*Dataset excerpts*:
= = = =

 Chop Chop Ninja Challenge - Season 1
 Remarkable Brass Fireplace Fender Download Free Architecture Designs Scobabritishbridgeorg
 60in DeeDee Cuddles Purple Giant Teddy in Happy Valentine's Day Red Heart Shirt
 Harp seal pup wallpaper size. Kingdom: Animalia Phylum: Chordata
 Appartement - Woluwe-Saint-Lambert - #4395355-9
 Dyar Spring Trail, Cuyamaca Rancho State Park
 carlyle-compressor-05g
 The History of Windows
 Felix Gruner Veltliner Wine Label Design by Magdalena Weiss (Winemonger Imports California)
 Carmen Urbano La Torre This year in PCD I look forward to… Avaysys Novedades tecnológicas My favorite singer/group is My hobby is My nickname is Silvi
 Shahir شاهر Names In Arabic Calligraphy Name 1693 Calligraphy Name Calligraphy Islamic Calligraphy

= = = =

*Assigned task*: Your answer must consist solely of the lines from the one containing "Remarkable Brass Fireplace" through the last line of the entries, reproduced exactly.

*Solution below*:
 Remarkable Brass Fireplace Fender Download Free Architecture Designs Scobabritishbridgeorg
 60in DeeDee Cuddles Purple Giant Teddy in Happy Valentine's Day Red Heart Shirt
 Harp seal pup wallpaper size. Kingdom: Animalia Phylum: Chordata
 Appartement - Woluwe-Saint-Lambert - #4395355-9
 Dyar Spring Trail, Cuyamaca Rancho State Park
 carlyle-compressor-05g
 The History of Windows
 Felix Gruner Veltliner Wine Label Design by Magdalena Weiss (Winemonger Imports California)
 Carmen Urbano La Torre This year in PCD I look forward to… Avaysys Novedades tecnológicas My favorite singer/group is My hobby is My nickname is Silvi
 Shahir شاهر Names In Arabic Calligraphy Name 1693 Calligraphy Name Calligraphy Islamic Calligraphy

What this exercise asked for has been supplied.